● **What this task involves**
Taking the entries below, transcribe only the lines starting with the one with "Ausbau Bahnhof Luxemburg." and going on through the one with "Alternate Image 2", exactly as written, without the pictures.

● **Data**
^^^^
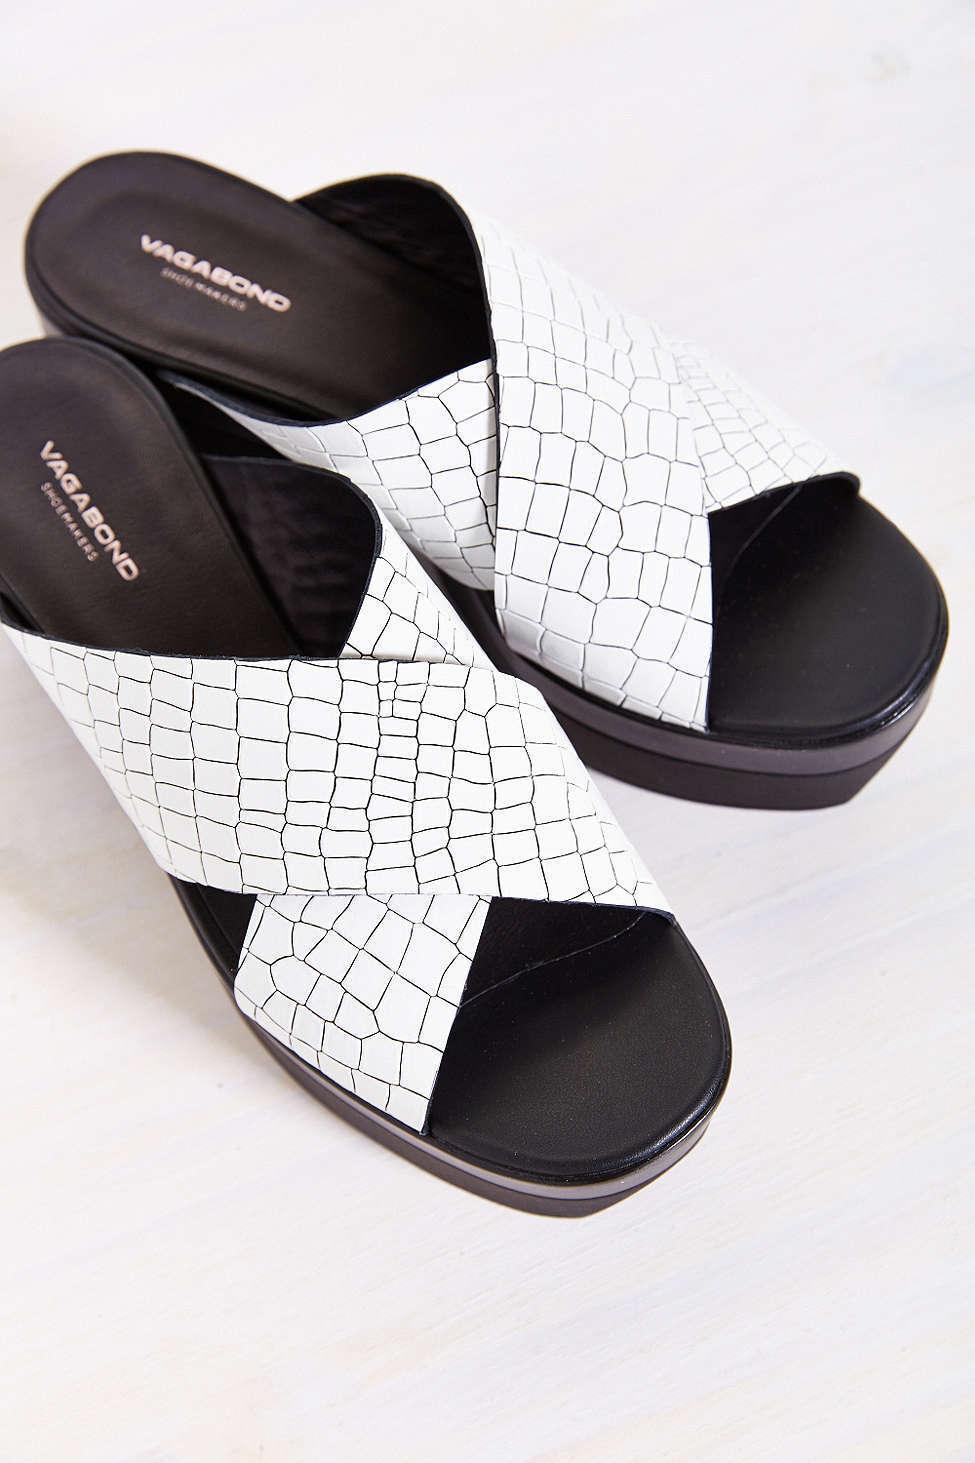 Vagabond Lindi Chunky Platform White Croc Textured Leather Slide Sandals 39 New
^^^^
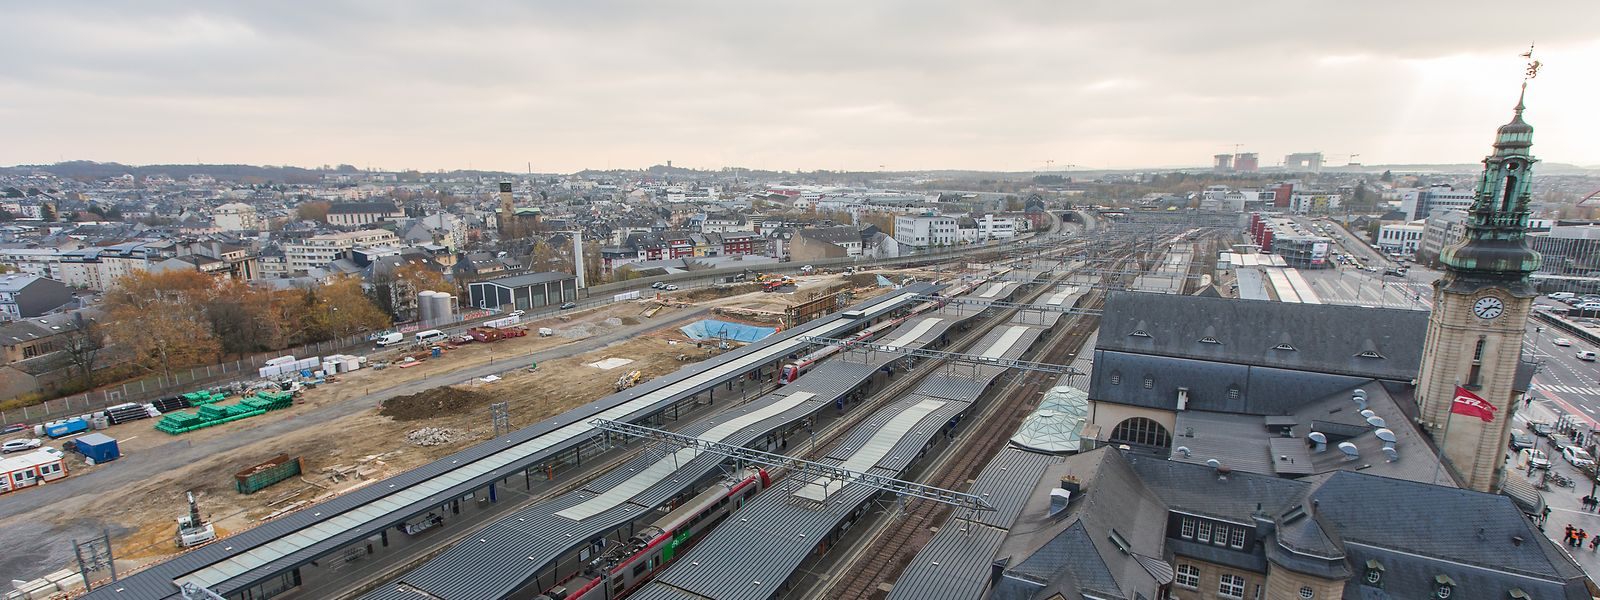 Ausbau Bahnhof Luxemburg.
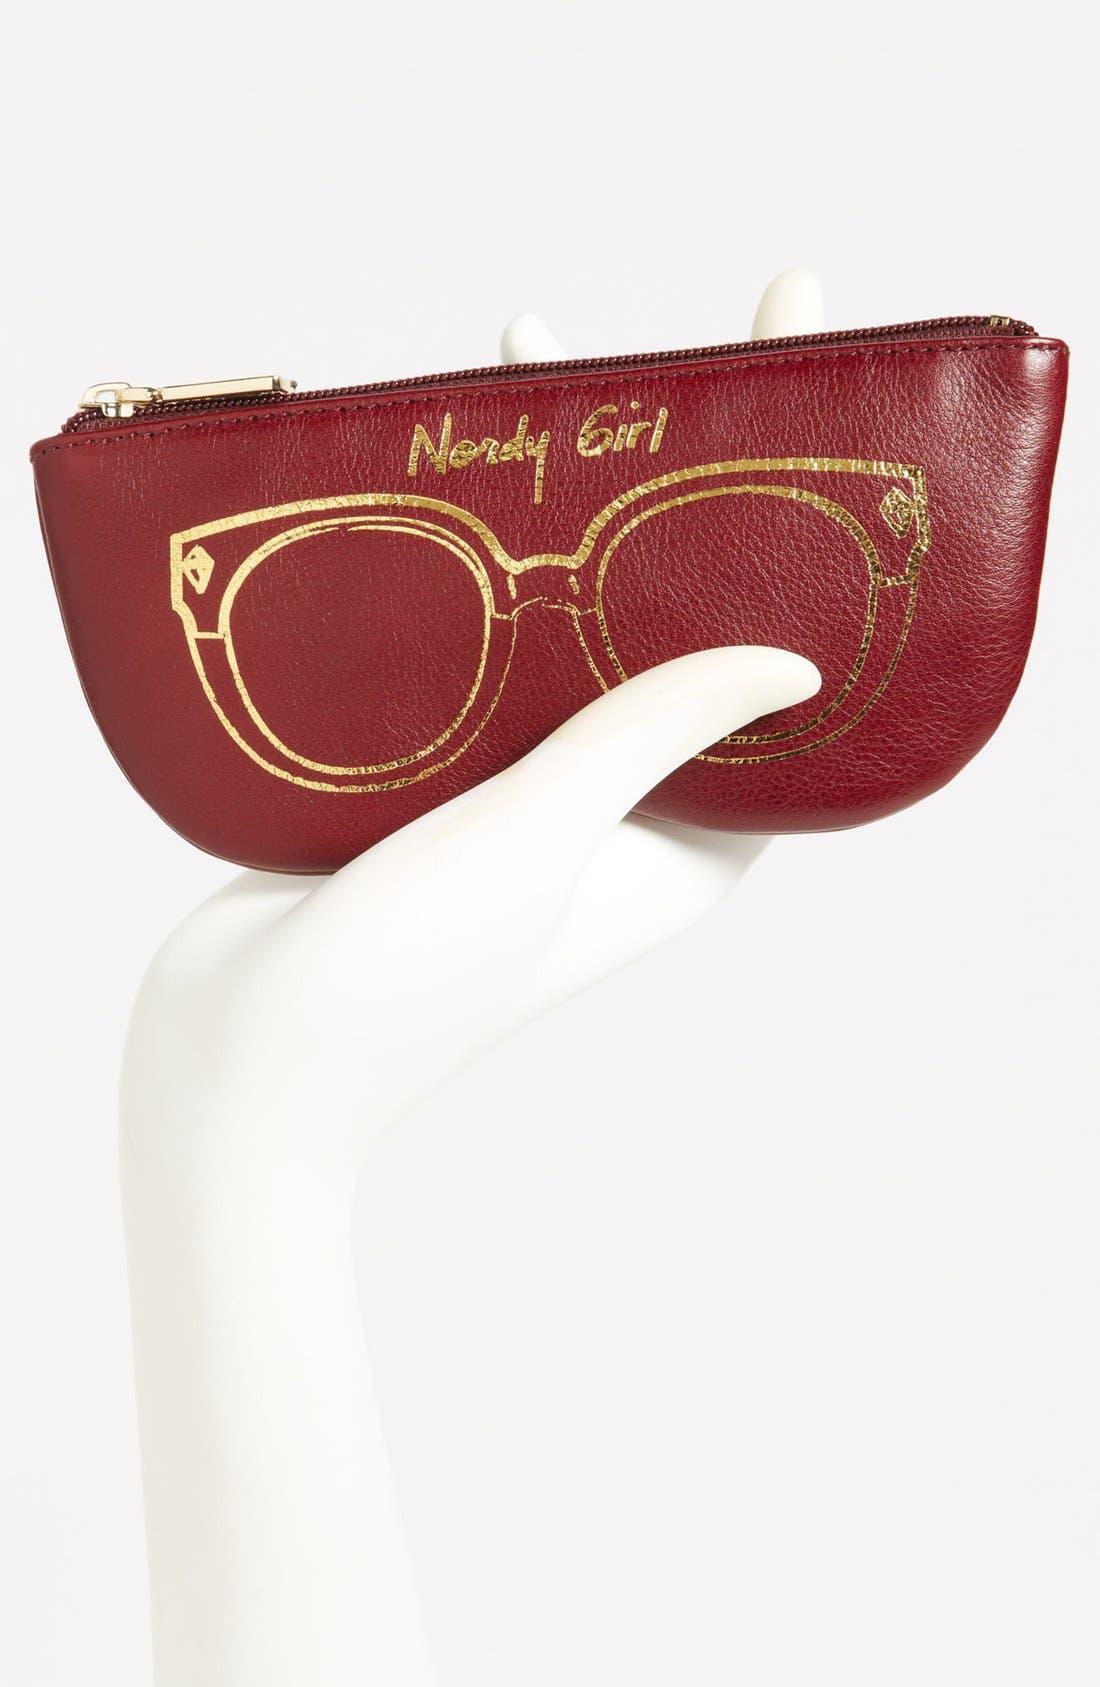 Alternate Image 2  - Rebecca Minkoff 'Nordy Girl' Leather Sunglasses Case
^^^^
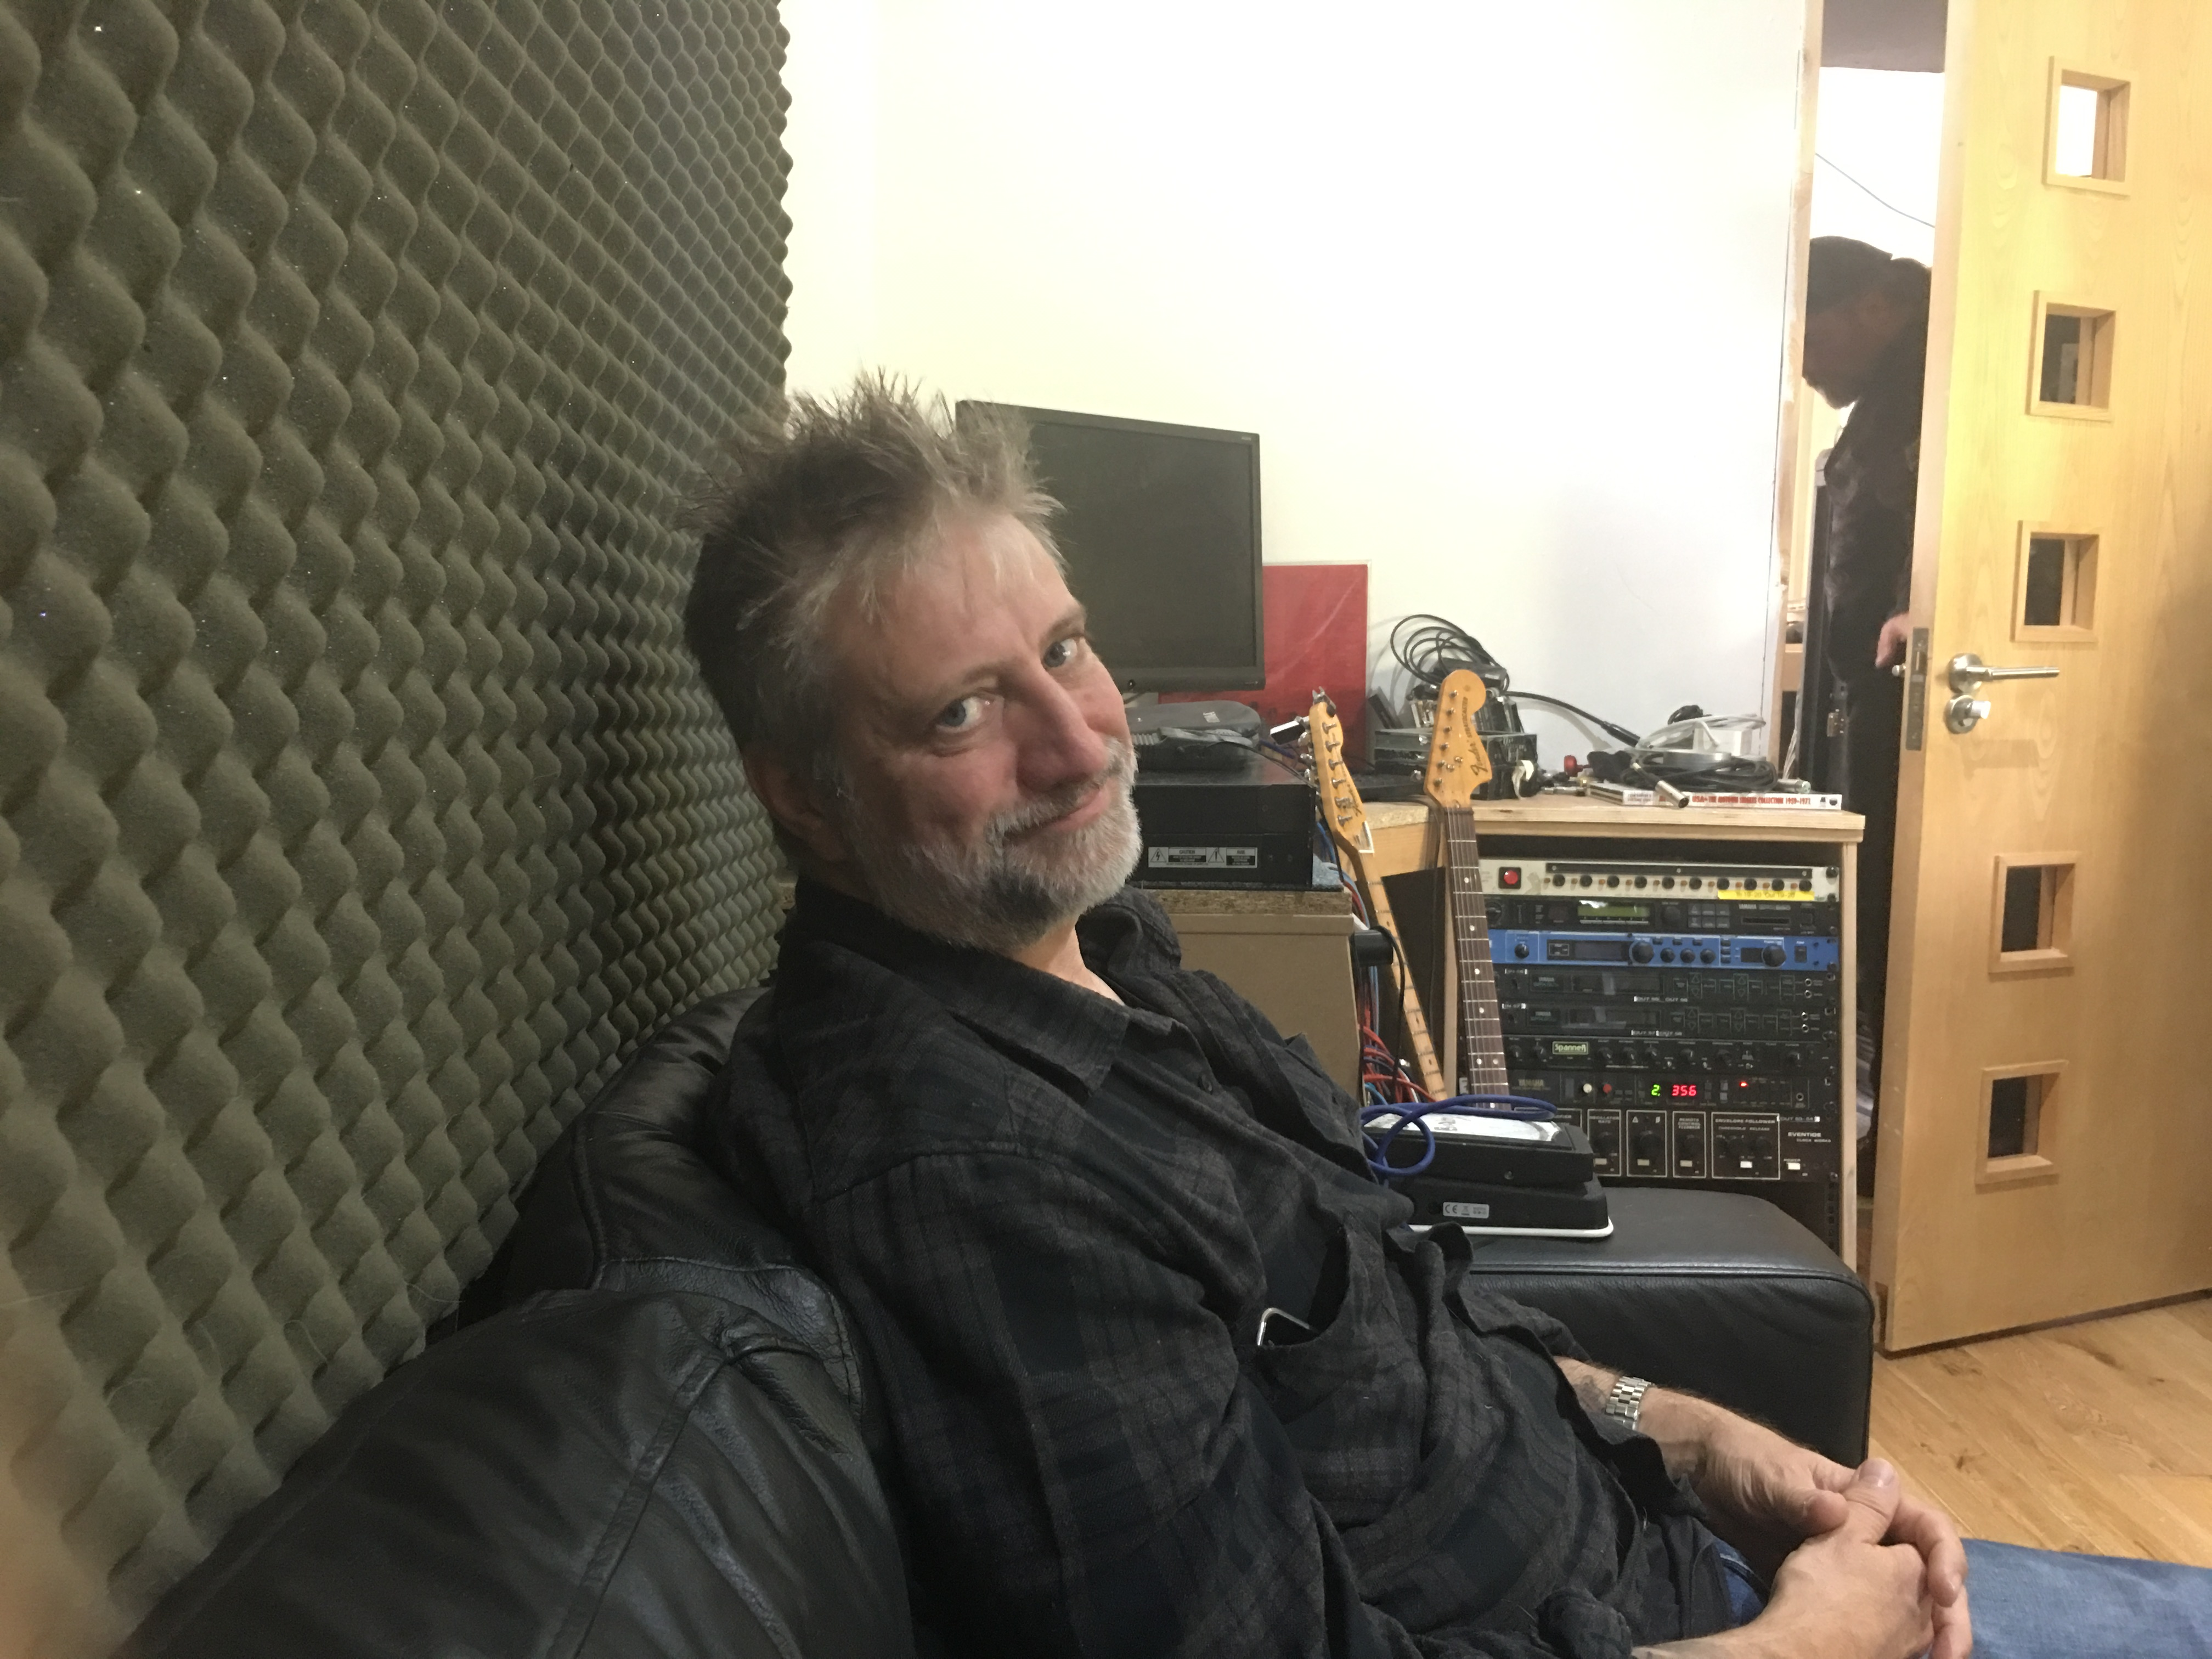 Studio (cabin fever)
^^^^
● **Output**
 Ausbau Bahnhof Luxemburg.
 Alternate Image 2  - Rebecca Minkoff 'Nordy Girl' Leather Sunglasses Case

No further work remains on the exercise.